## Activity
Two lines in the listing below mark the span: one contains "Episode 721: Adam Lippe" and one contains "JAY HERNANDEZ TAKERS". Reproduce both of them and everything between, exactly.

## Records

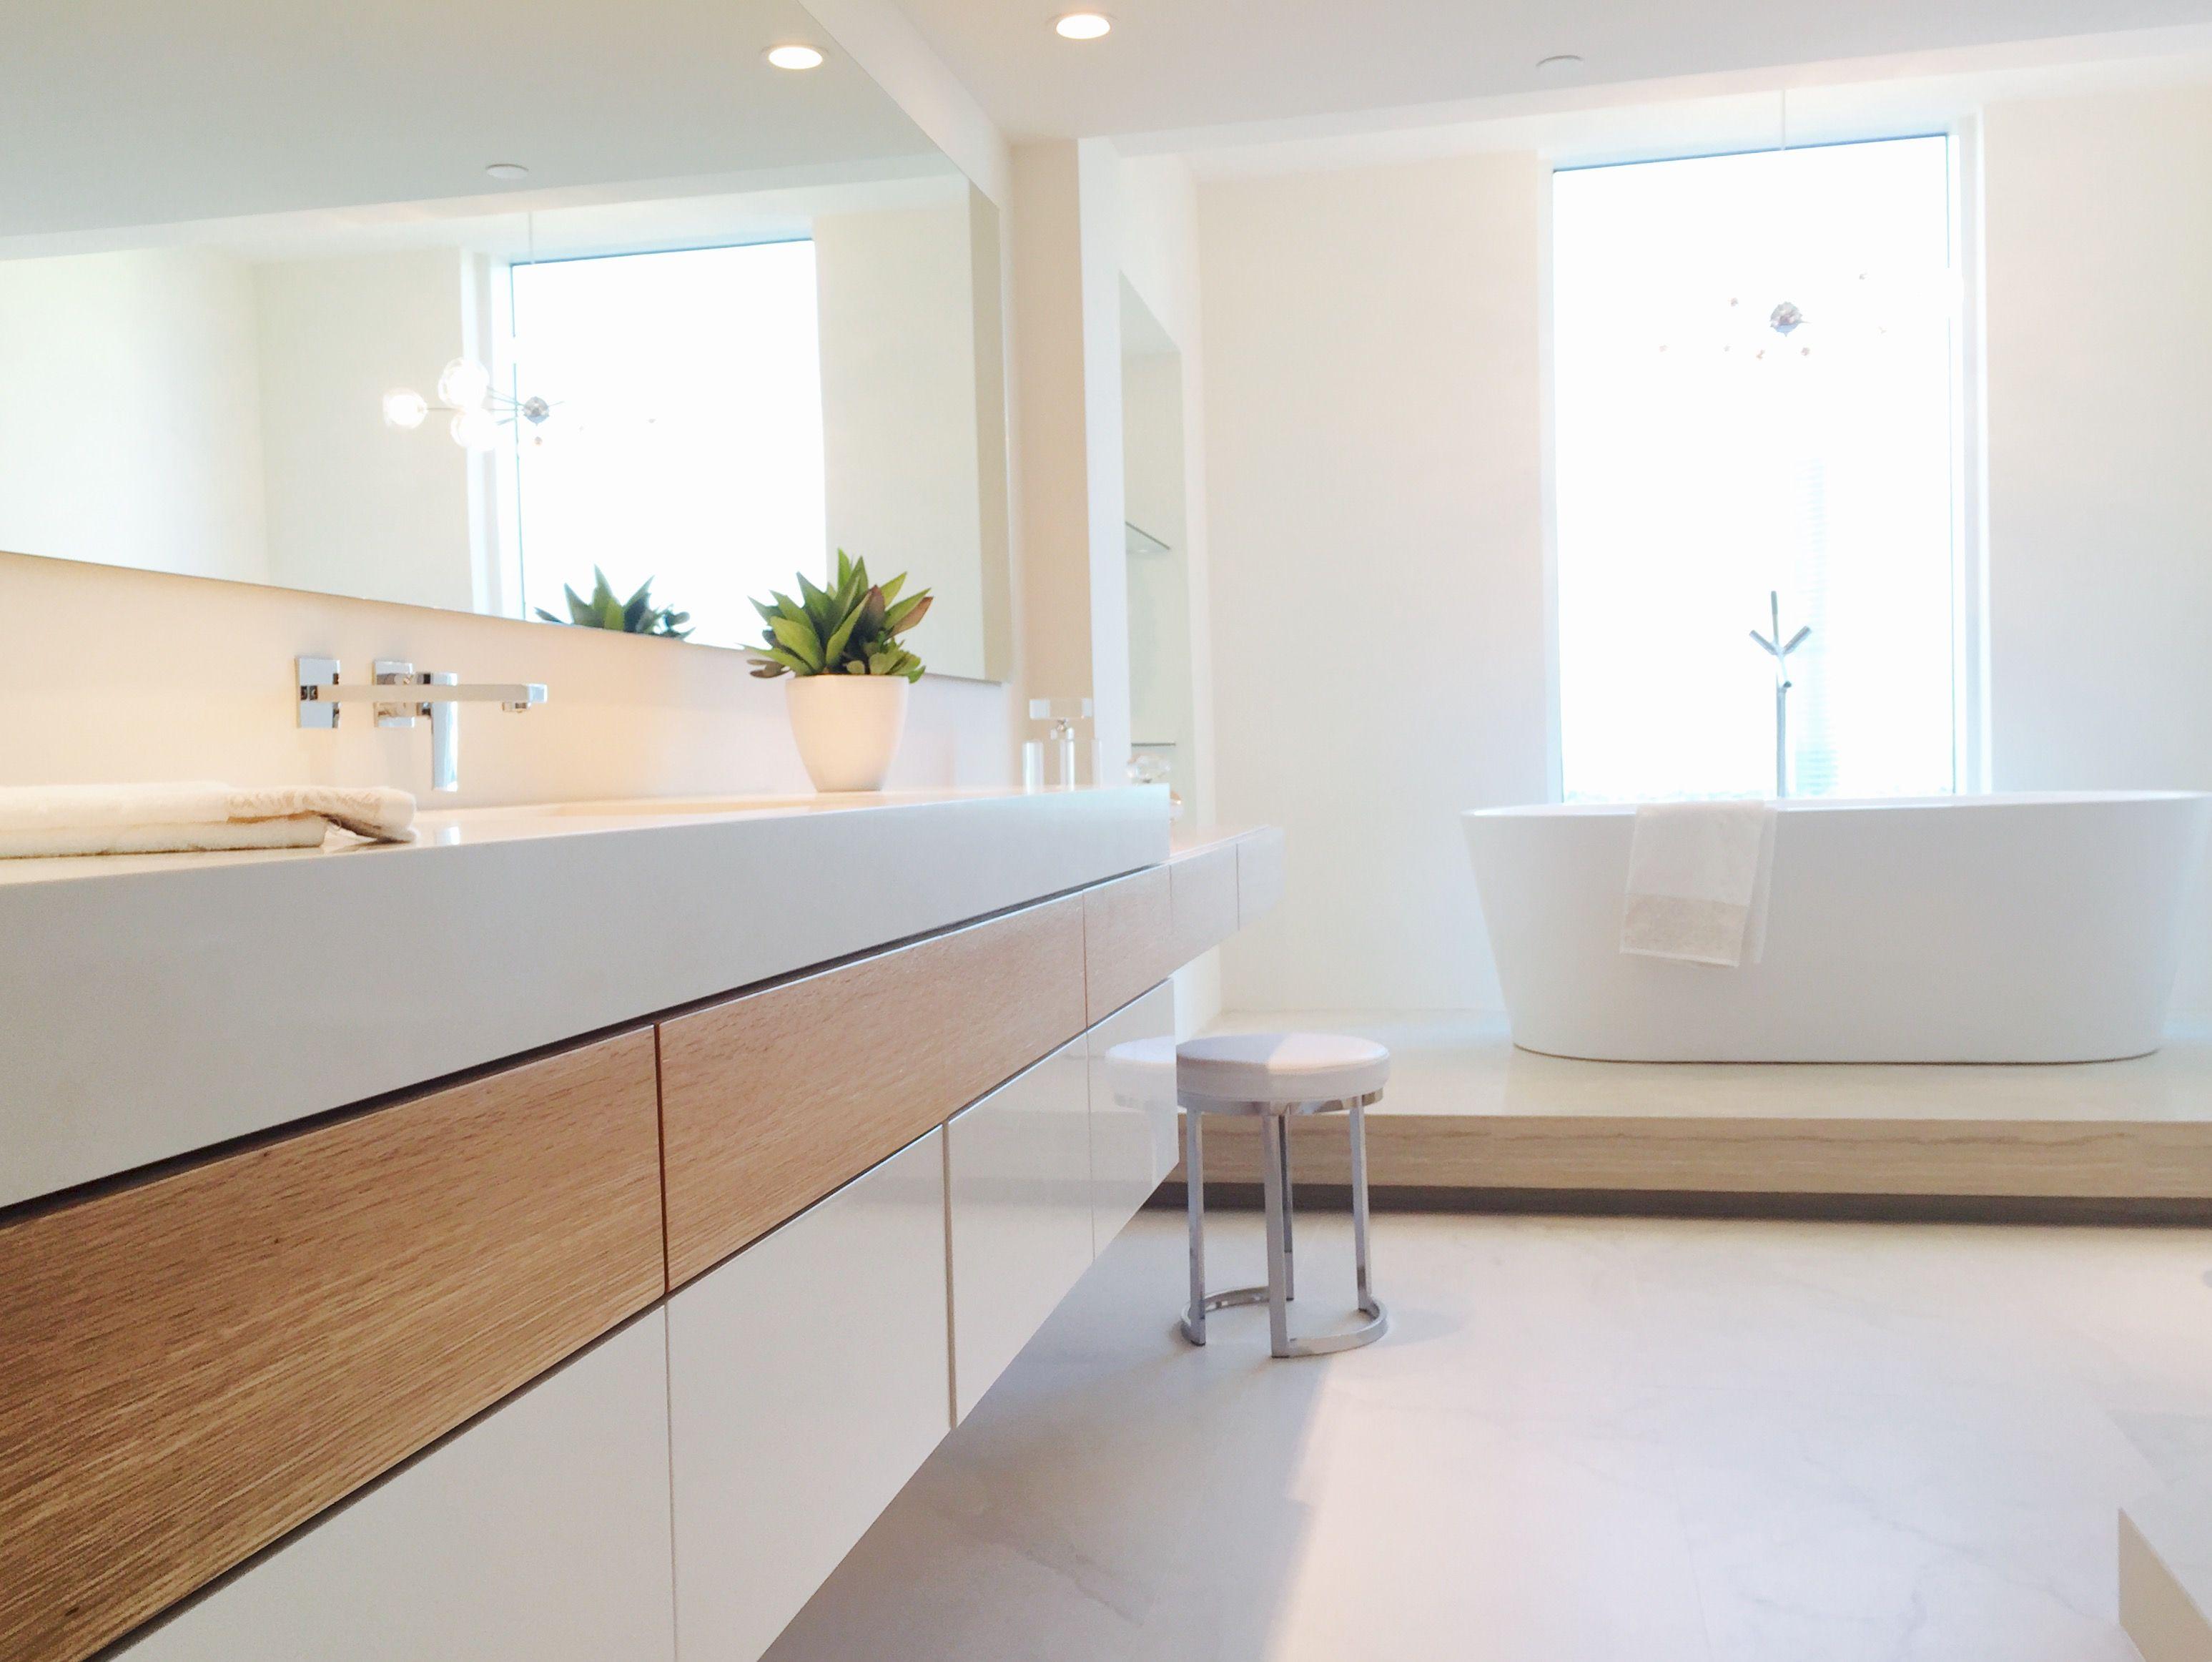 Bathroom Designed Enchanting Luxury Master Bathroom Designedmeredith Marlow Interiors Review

...

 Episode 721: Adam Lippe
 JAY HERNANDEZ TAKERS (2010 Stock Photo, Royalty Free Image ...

## Finished task
 Episode 721: Adam Lippe
 JAY HERNANDEZ TAKERS (2010 Stock Photo, Royalty Free Image ...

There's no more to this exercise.